### Exercise
Both the line containing "Alexandrovich Rudolf Pavlov." and the line containing "Apartments on rent - 226 W. McMillan -3" belong to the span. Output exactly that span from the listing below, and nothing outside it.

### The records

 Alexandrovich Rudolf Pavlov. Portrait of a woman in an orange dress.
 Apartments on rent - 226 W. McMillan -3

---

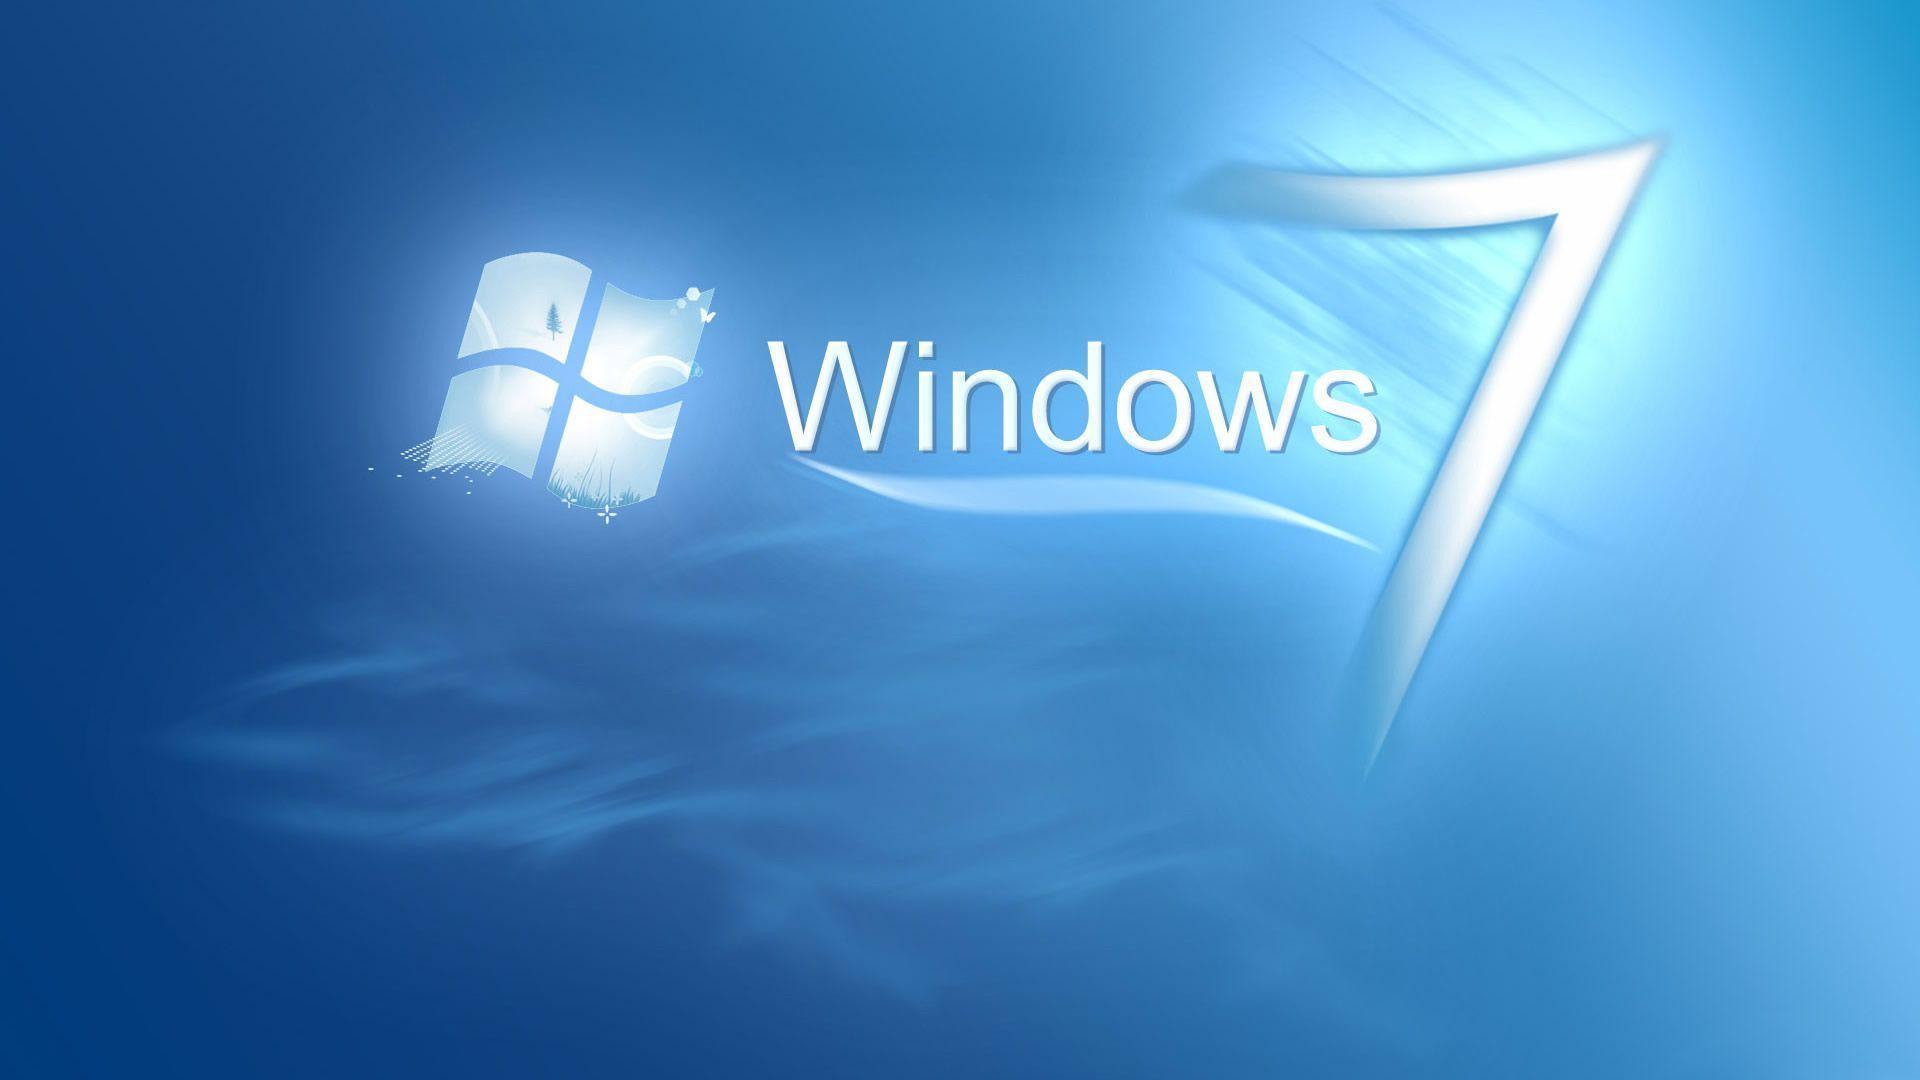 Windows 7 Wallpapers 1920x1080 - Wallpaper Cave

### Answer for the task
 Alexandrovich Rudolf Pavlov. Portrait of a woman in an orange dress.
 Apartments on rent - 226 W. McMillan -3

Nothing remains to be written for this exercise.